- _Exercise_: An exact copy is needed of the lines in the entries below from the line with "kenai_whale_crockett_2010.jpg" up to and including the line with "Mesas cocina plegables", and of nothing else. Leave the pictures out.

(Beginning of Raw data)

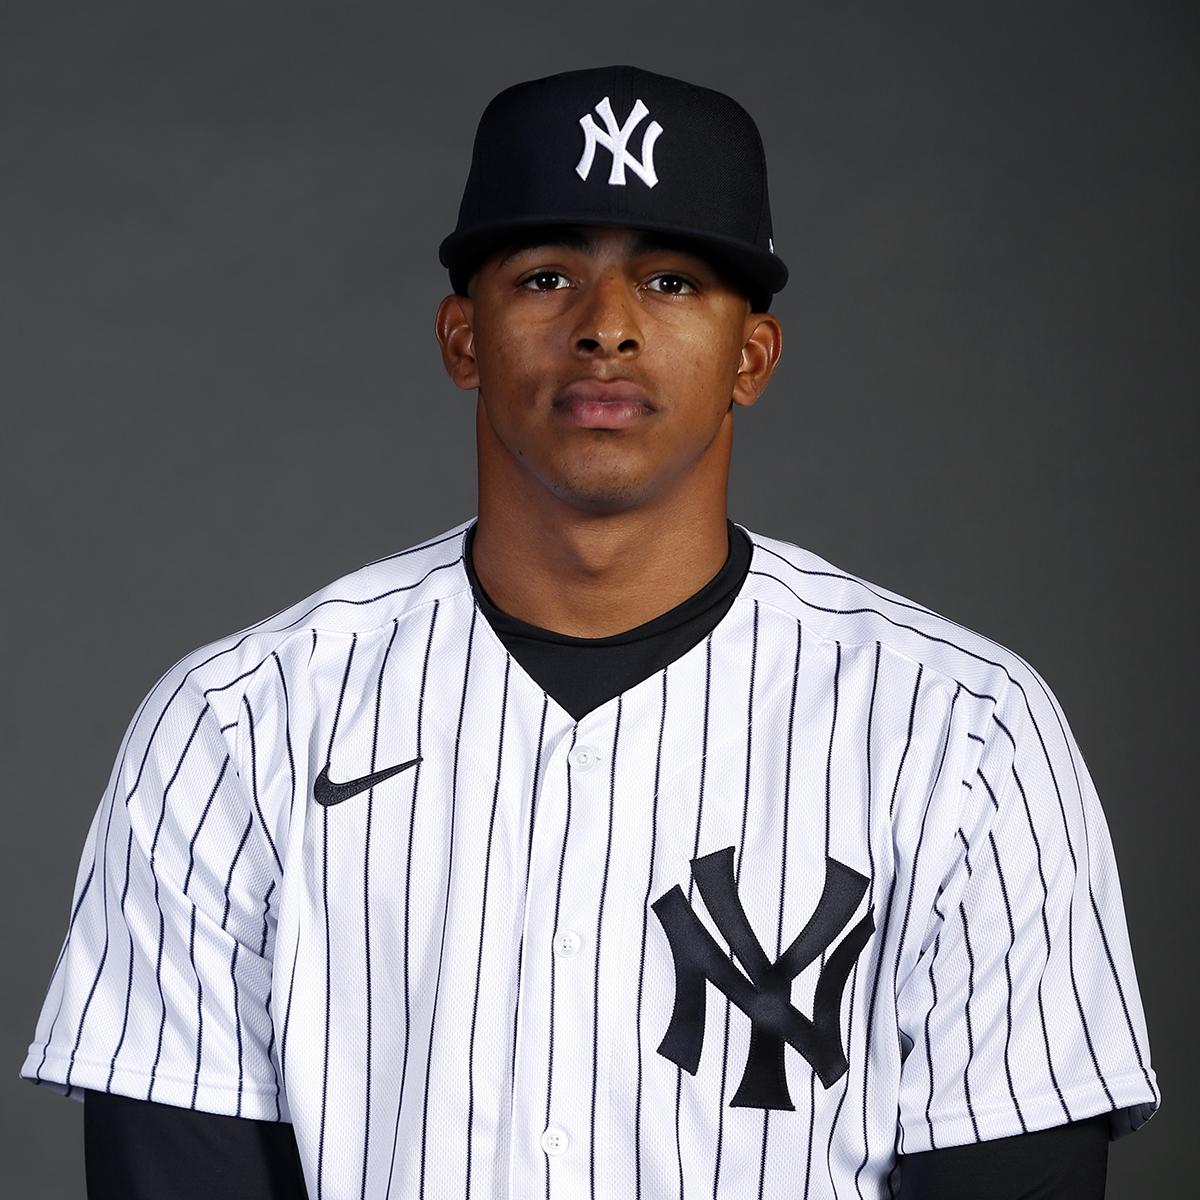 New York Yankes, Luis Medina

(End of Raw data)
(Beginning of Raw data)

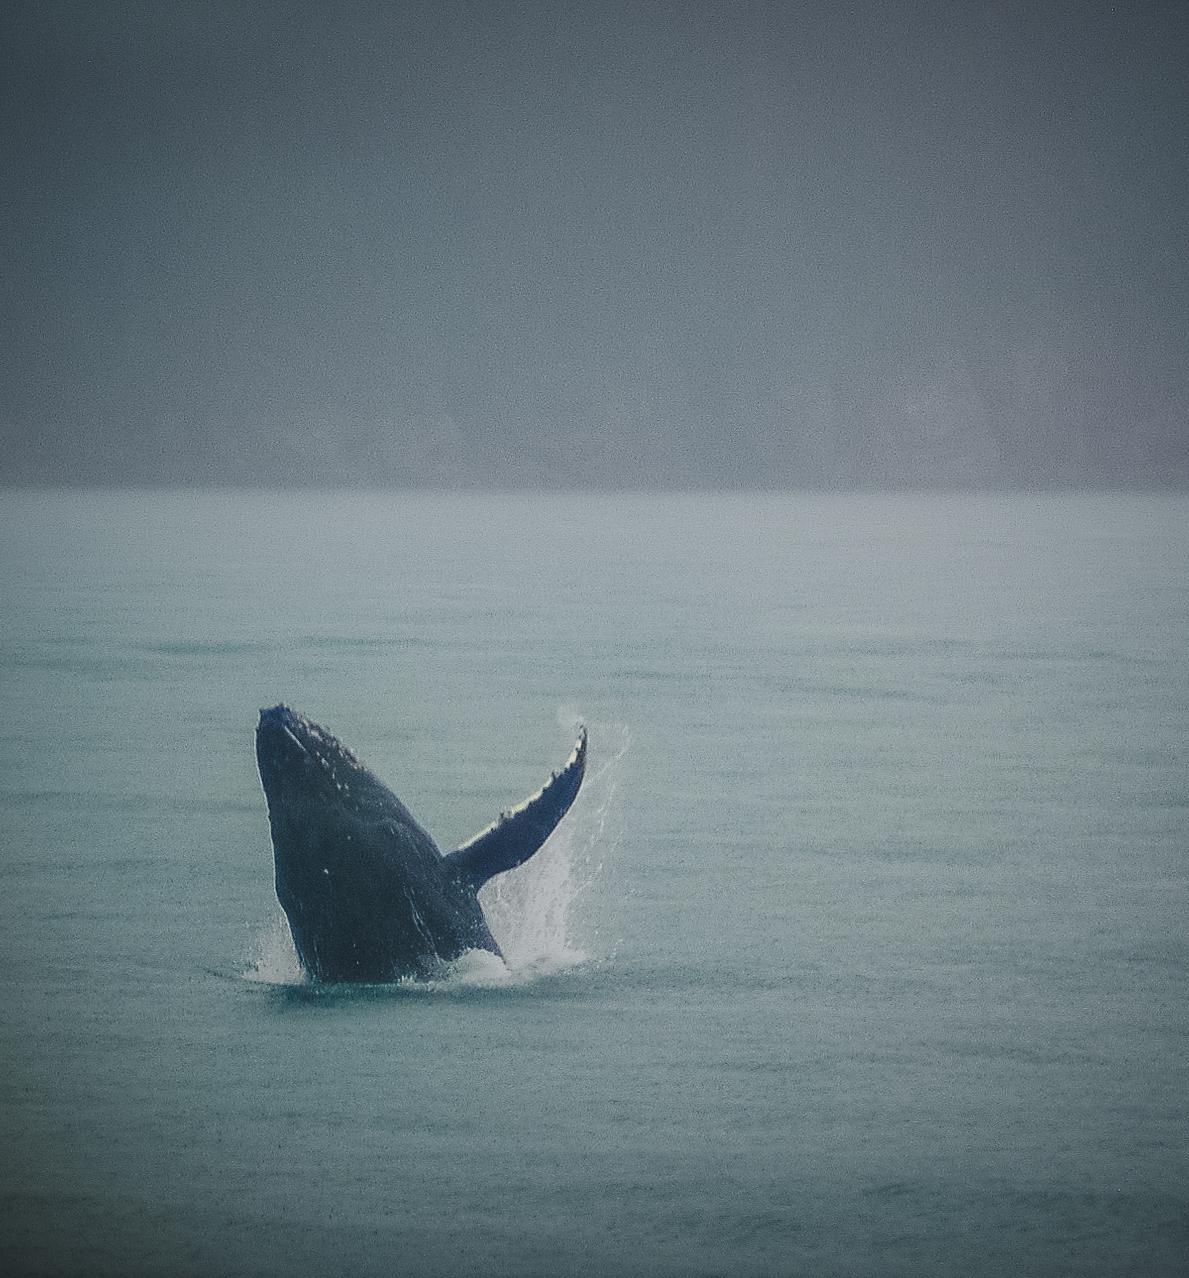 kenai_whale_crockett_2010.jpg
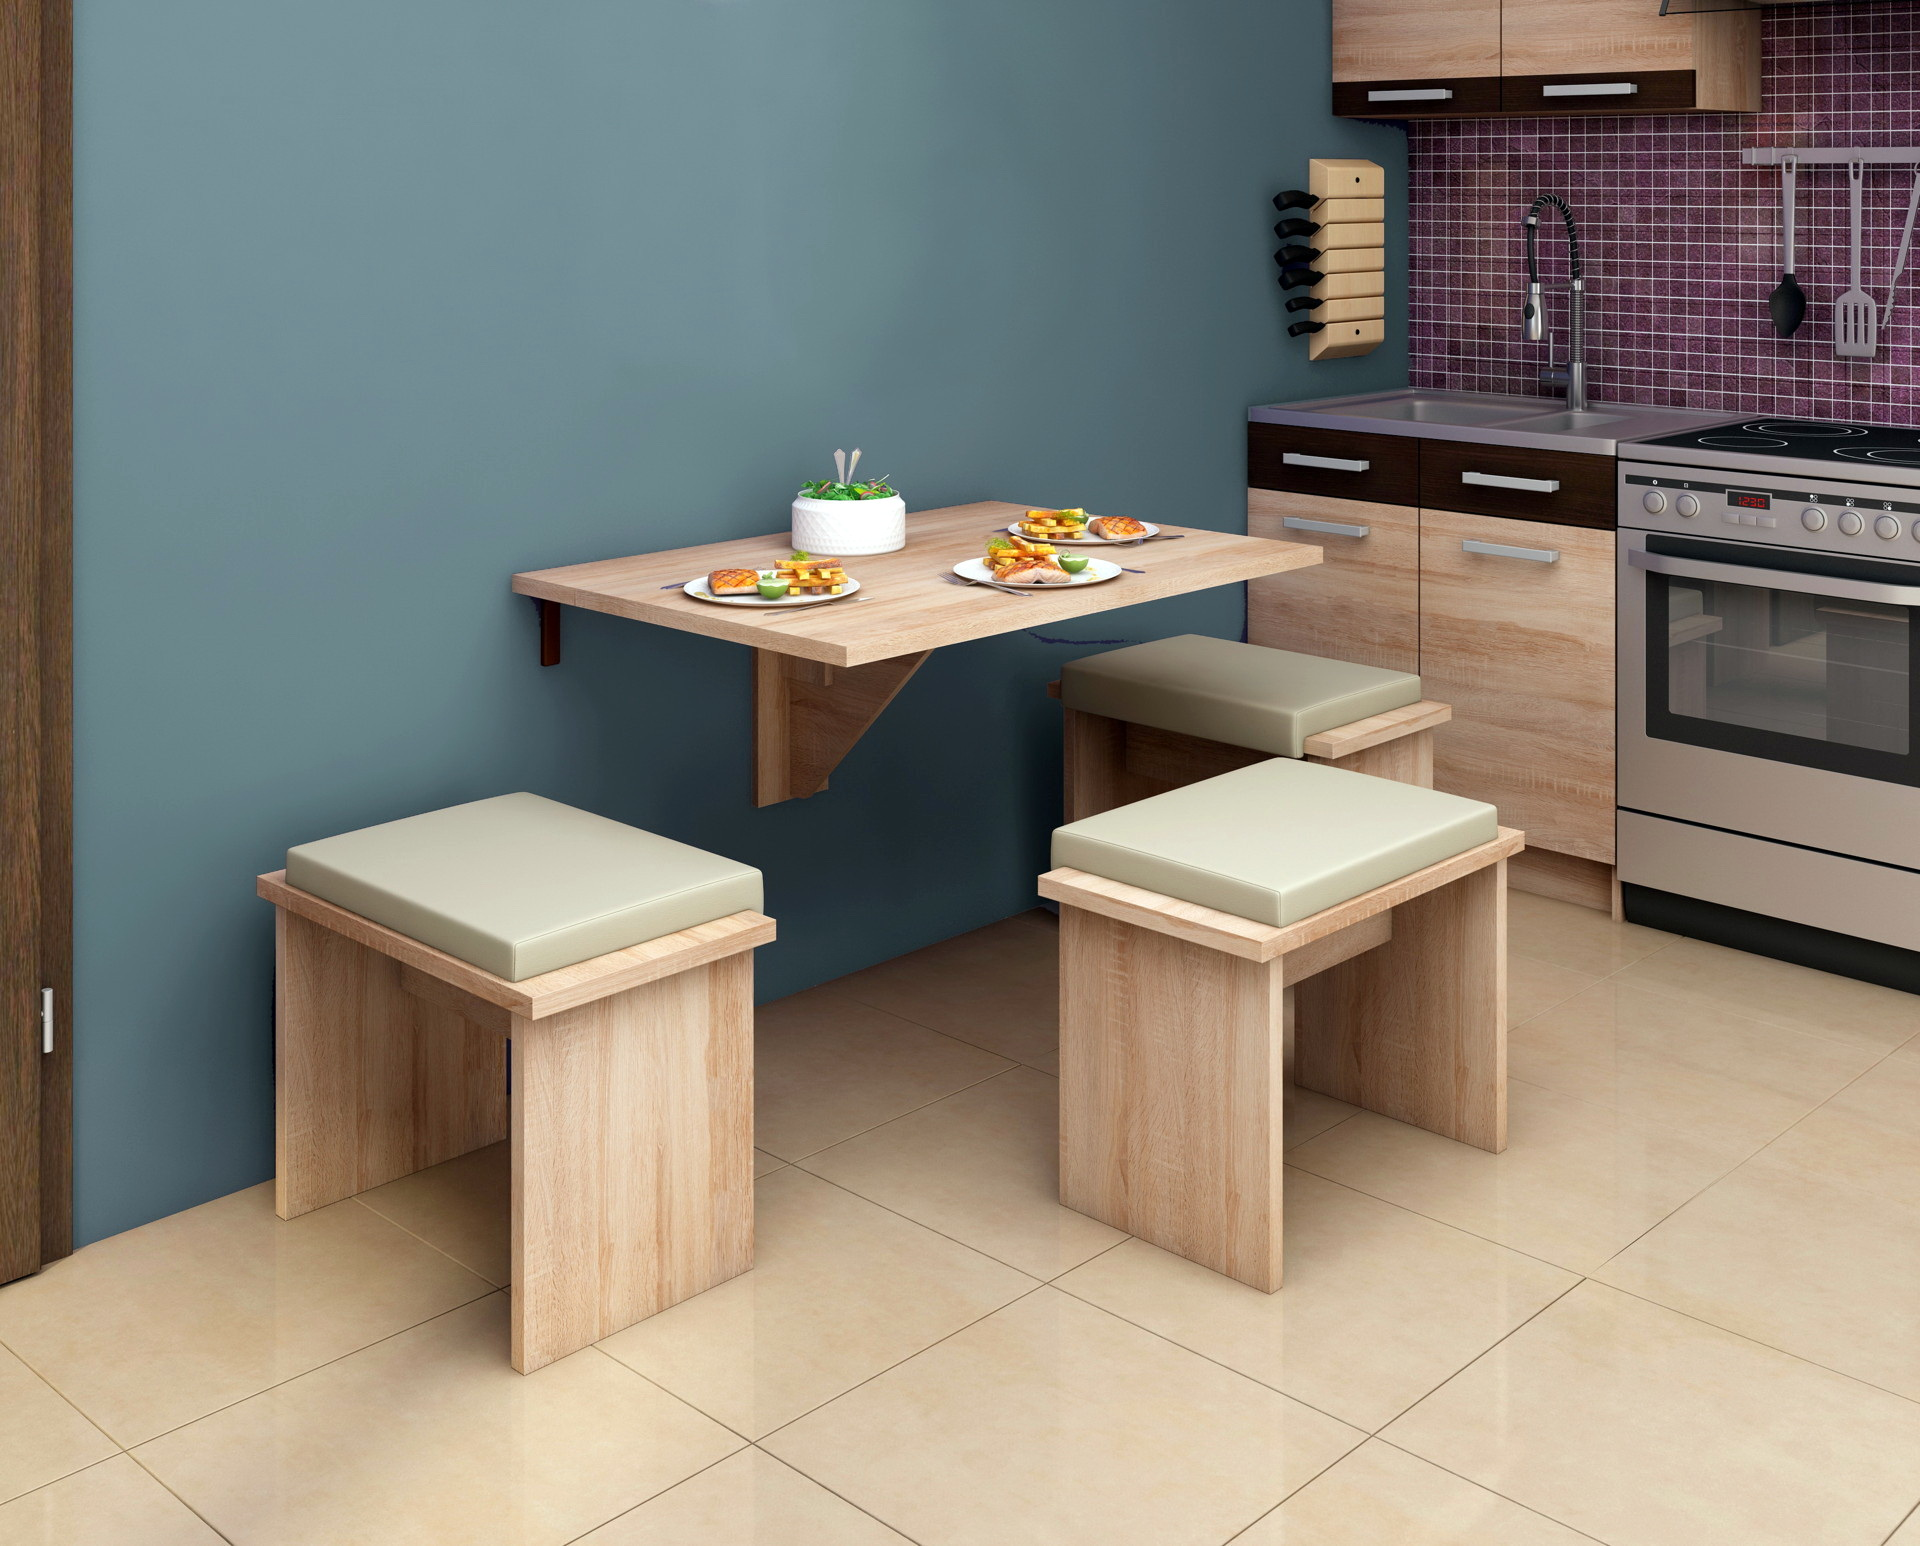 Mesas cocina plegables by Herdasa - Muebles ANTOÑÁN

(End of Raw data)
(Beginning of Raw data)

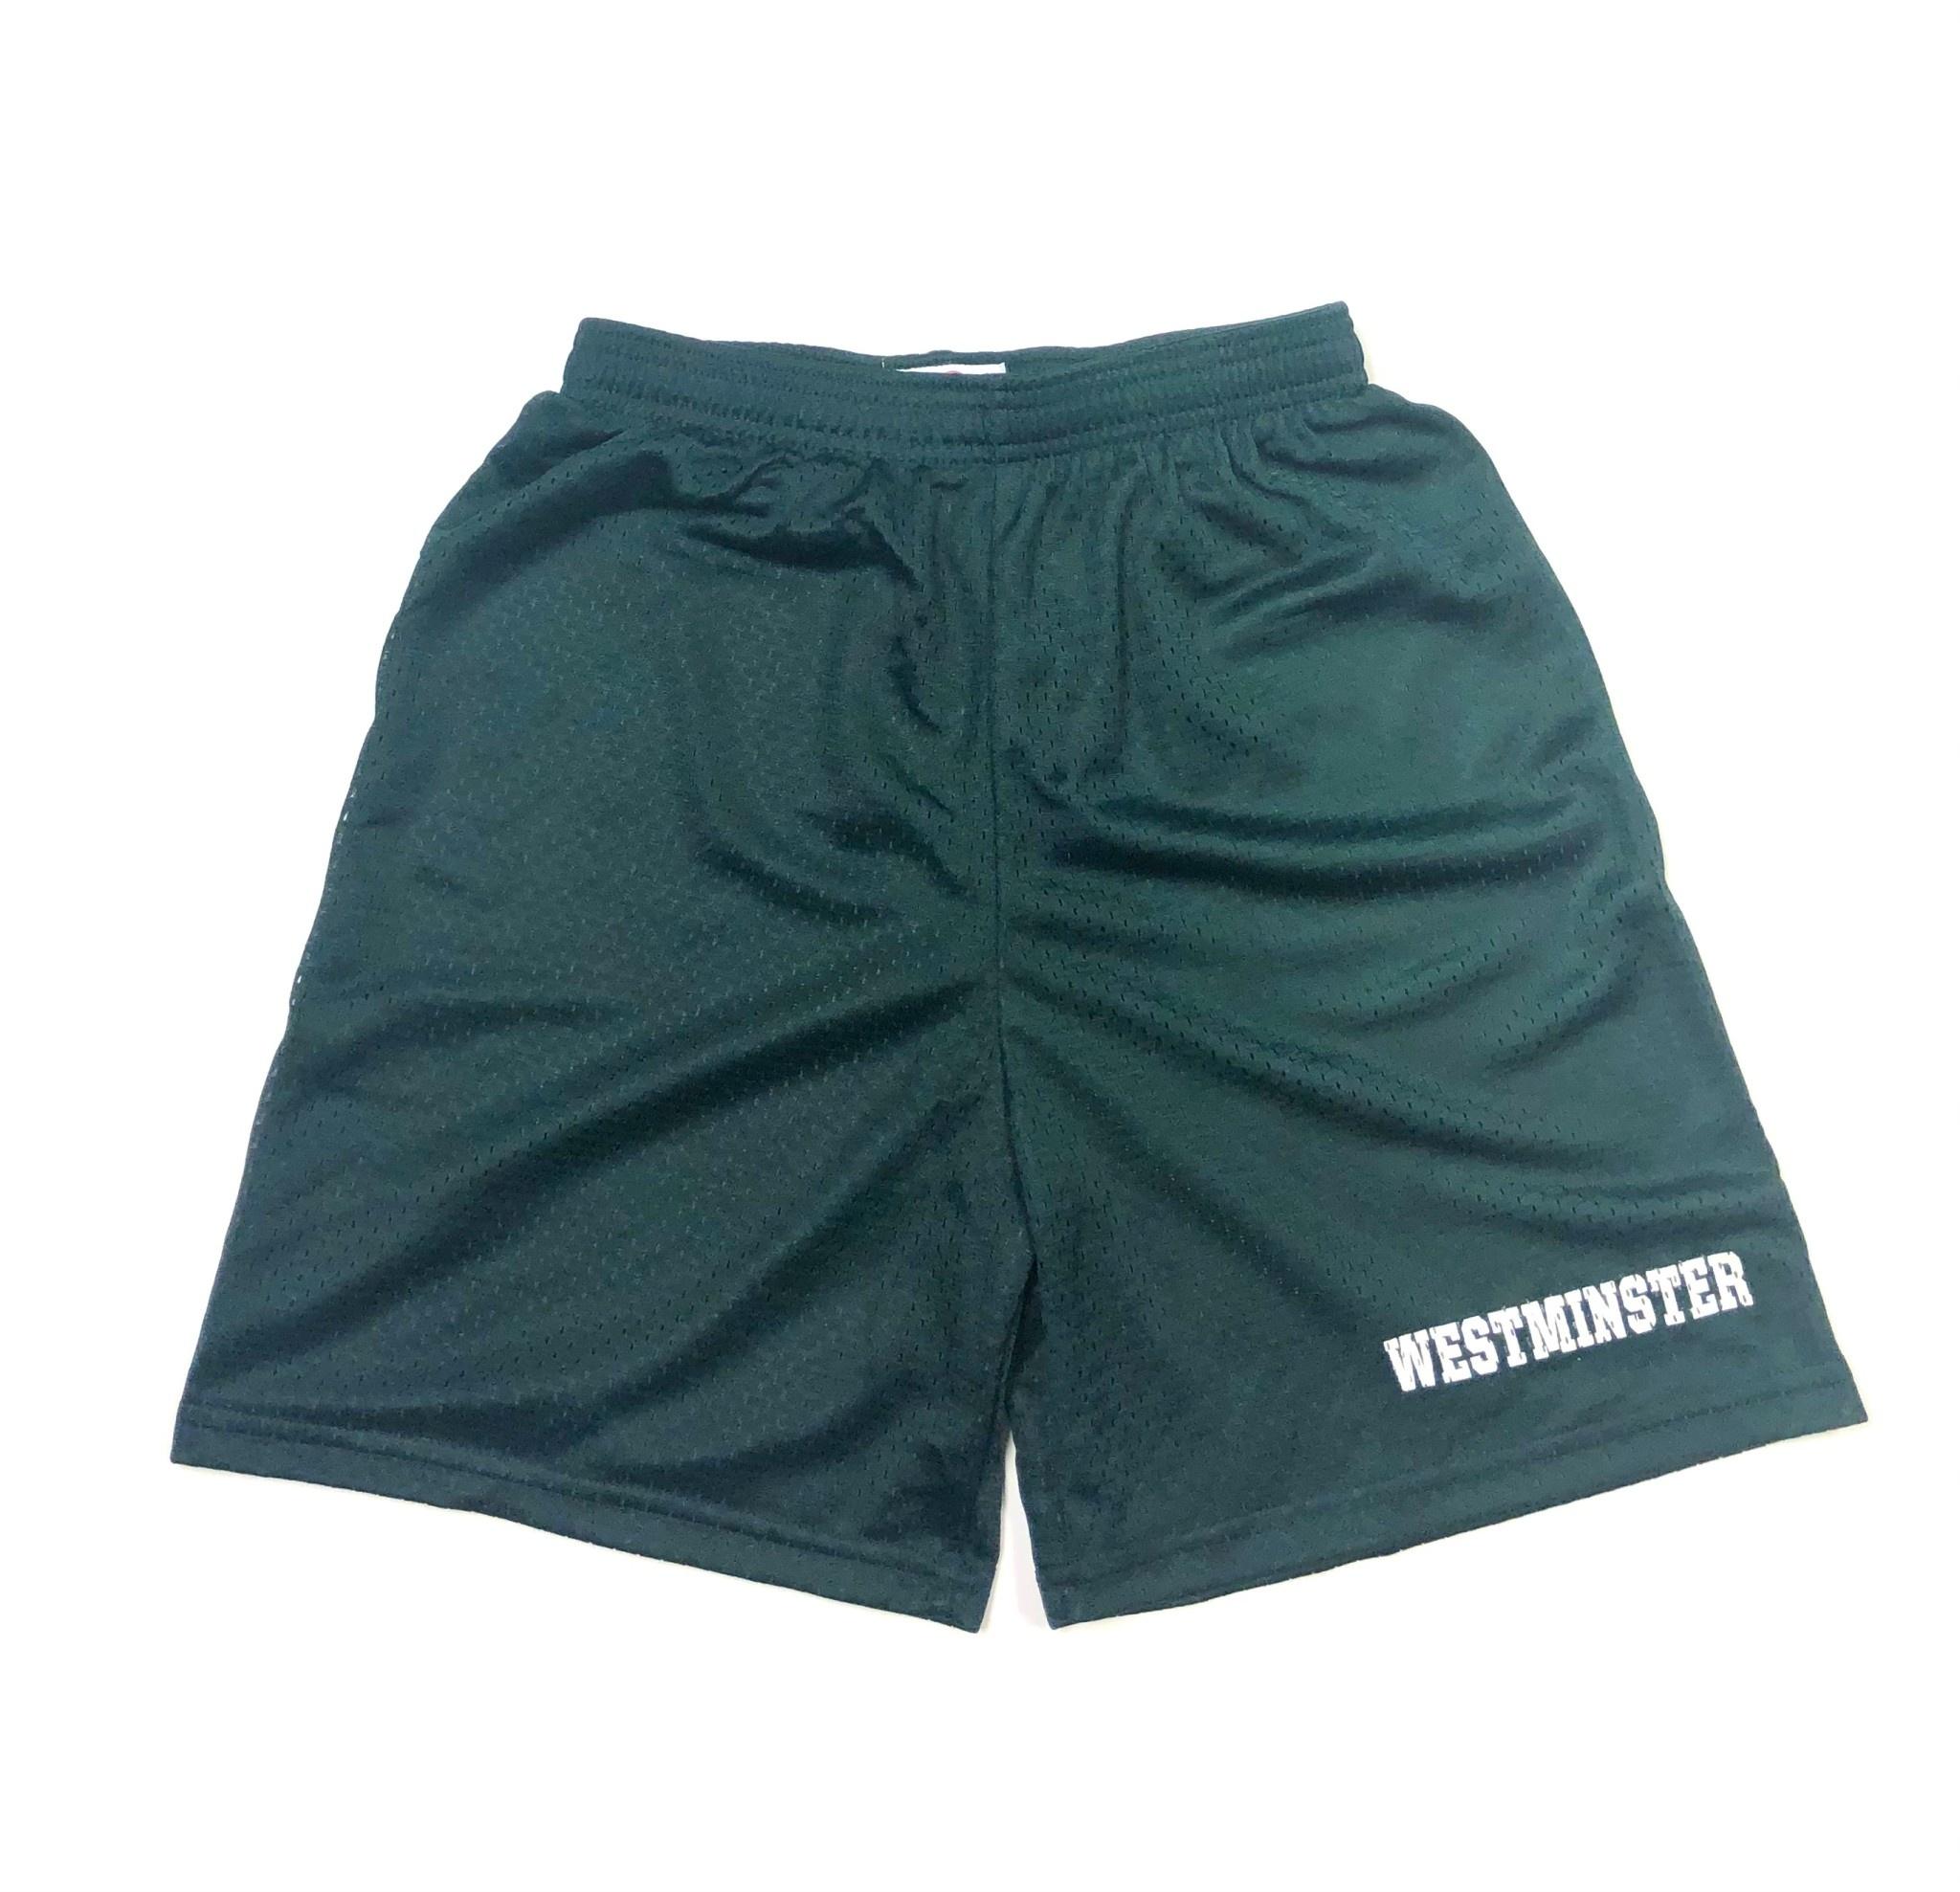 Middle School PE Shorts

(End of Raw data)

- _Response to the task_:
 kenai_whale_crockett_2010.jpg
 Mesas cocina plegables by Herdasa - Muebles ANTOÑÁN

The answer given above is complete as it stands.